По моему глубочайшему мнению, и «физик», и «лирик» одинаково способны на глубокие и трепетные переживания. Только «физик» спасается от страдания и разочарования бегством в ледяные просторы абстракции. Подсознательно он стремится выбрать такой способ рассмотрения, такие мировоззренческие координаты, чтобы мучающая его трагедия перестала существовать, стала невозможной по определению. Математическая точка, наклонная плоскость, ртутный столб, соленоид и провод под током не страдают, не терзаются от нравственных дихотомий, их поведение строго детерминировано.
«Лирик» же пытается сделать соучастником своего переживания весь мир. Ад, рай и чистилище в немом изумлении внимают Данте, сотрясающему универсум железным тараном своей страсти. Вся природа стенает и мучится вместе с Гете и молодым Вертером. Там, где «физик» препарирует, «лирик» культивирует. Одним не идет на пользу разряженный горный воздух, а у других – аллергия на пыльцу.
И все же мне кажется, что за словами Спинозы: «Любовь – это щекотка, вызванная идеей внешней причины», – стоит потрясение, не меньшее, чем у Данте.
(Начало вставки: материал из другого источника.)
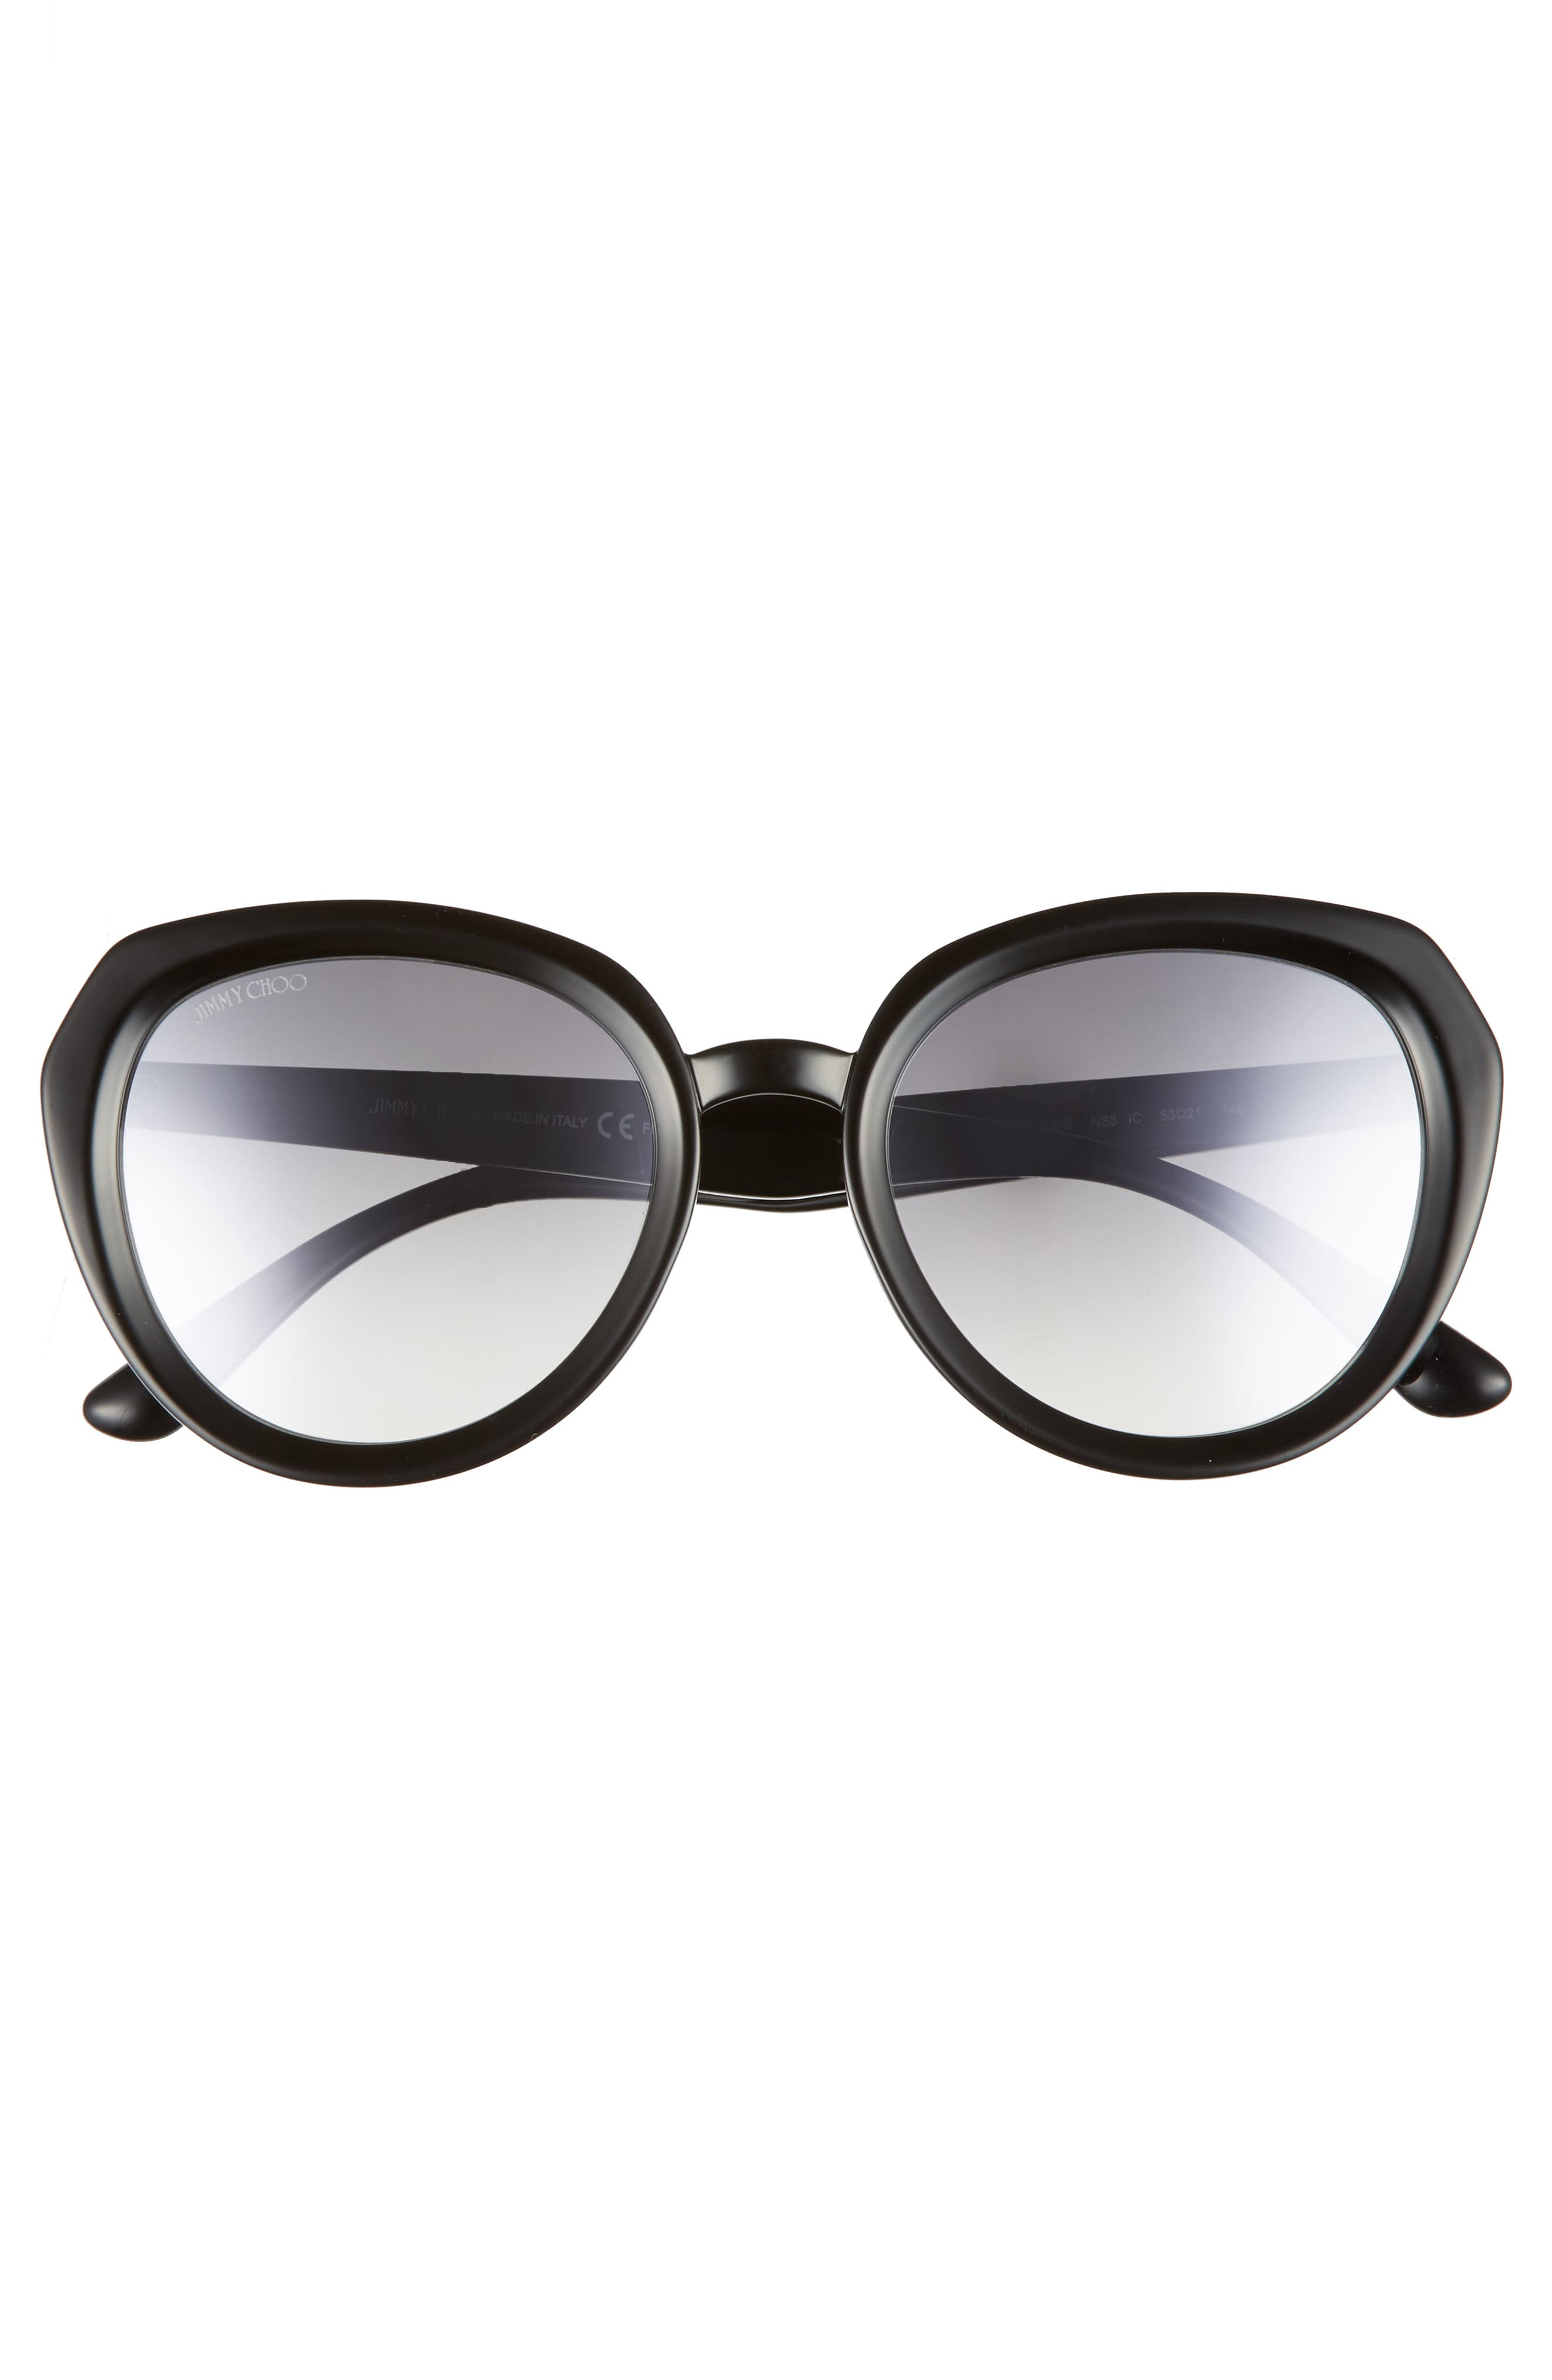 Maces 53mm Oversize Sunglasses,                             Alternate thumbnail 3, color,                             BLACK GLITTER

А может быть, и большее, раз не позволяет говорить о себе иначе, как на языке безличных абстракций...
Говорят, что поэзия возникла во времена анимизма, когда за любым предметом, явлением или событием первобытный человек усматривал наделенного собственным сознанием и волей духа. Поэтический язык как нельзя подходил для описания мира, в котором правили бестелесные сущности. Позже возникло понимание, что миром управляют не только духи, но и объективные законы. Эта революция в мышлении отразилась в смене наскальных жизнеподобных изображений геометрическим орнаментом.
Но одна архаическая компонента продолжает возмущать человеческую рациональность. Эта компонента – пол, который всегда архаичен и мистериален. Поэзия лучше всего отражает возвратно-поступательное движение души, называемое «снование чувств», и образует символический аккомпанемент совершенно другого отправления – уже не души, а тела. И я не вижу в констатации этого факта ничего уничижительного.
Перефразируя известное изречение, можно сказать, что поэзия – великий возбудитель функции «да» в человеке. После хорошей поэзии грех, которым является всякий акт любви, легче взять на душу.